ある考えが浮かんだ。つまり、超巨大企業ではないものの、世界的に事業を展開し、特定のデジタルサービスを提供している大規模なハイテク企業が、始めはニッチと思われるインフラツールの提供に乗り出し、AmazonやMicrosoftが現在AWSやAzure(アジュール)を通じて提供しているものと、最初は控えめながら競合するようになったとしても、私はまったく驚かないだろう。

これはまったくの妄想かもしれないが、アナロジーである程度説明できる。
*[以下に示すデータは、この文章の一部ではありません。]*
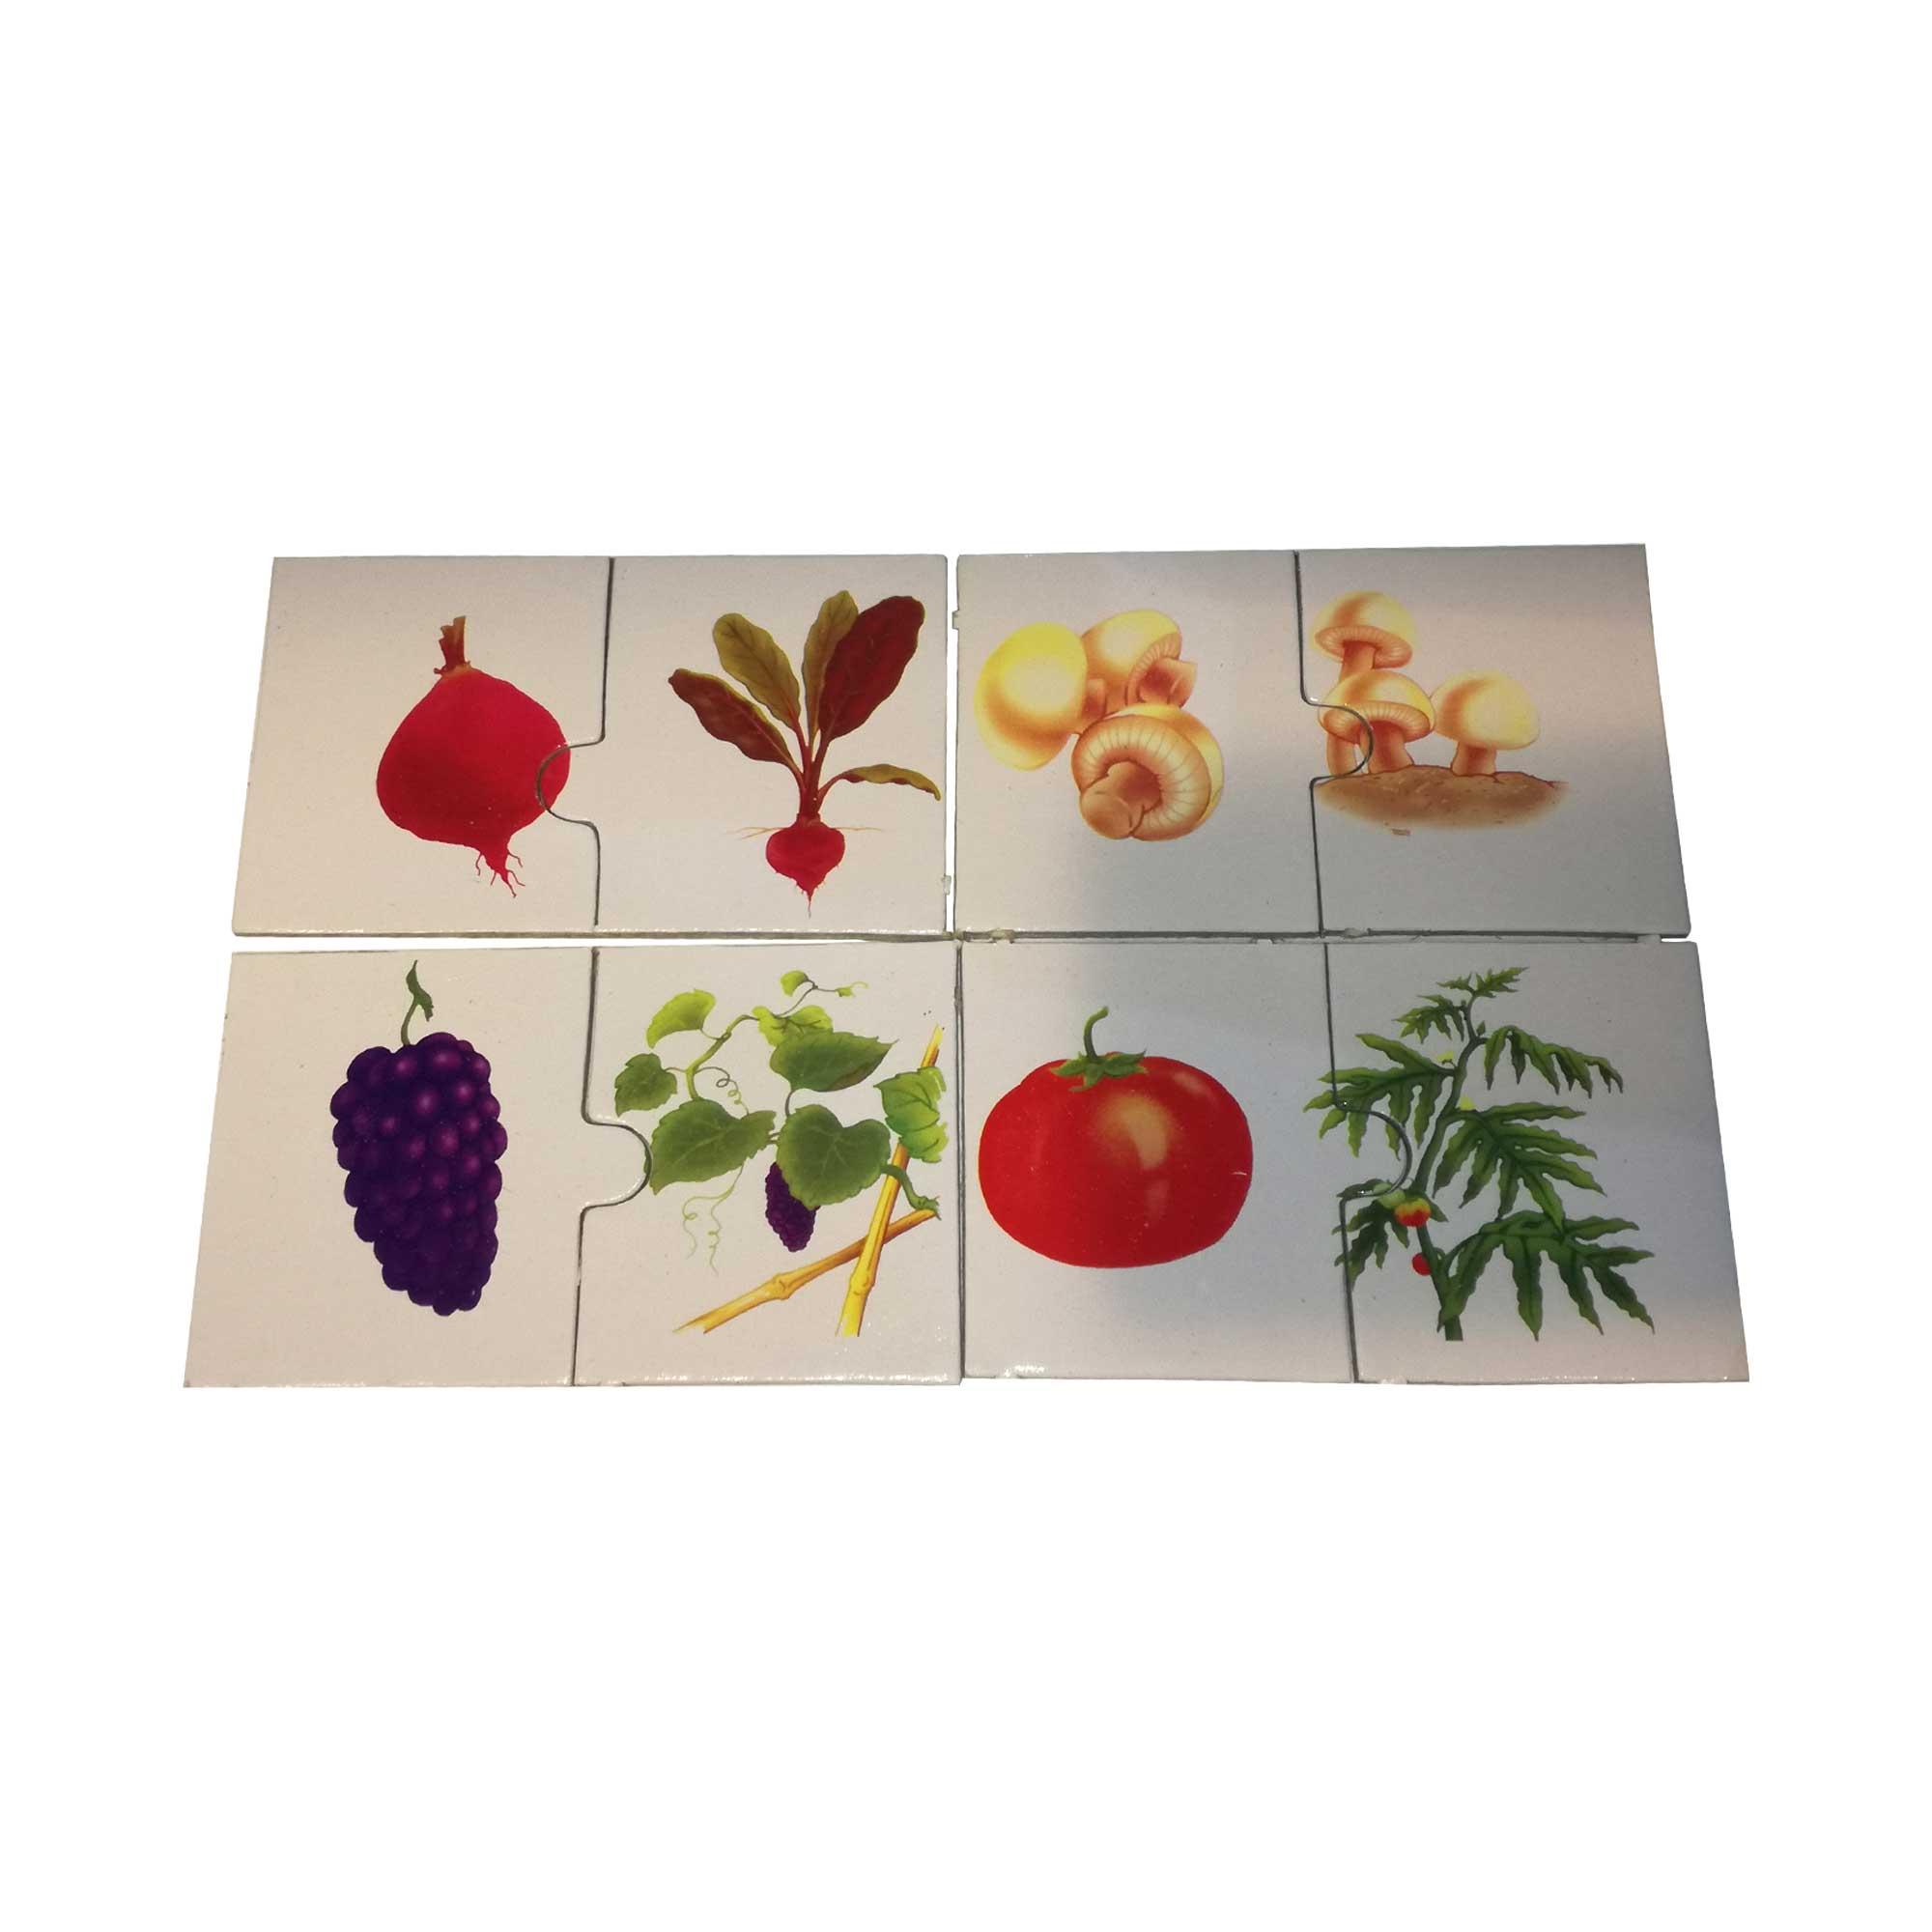 بازی آموزشی مدل میوه و سبزی کد 5237

私の主張は、Intel(インテル)が長い間、特定のCPUに関わり世界を牛耳ってきたにもかかわらず、いまや暗号資産の採掘に使われるGPUだけでなく、例えばAIにチューニングされたシリコンを作るスタートアップの台頭にも未来を奪われてしまったことに似ているというものだ。このたとえ話の中では、AWSはIntelで、AIチップはCloudflareのR2のようなものに対応している。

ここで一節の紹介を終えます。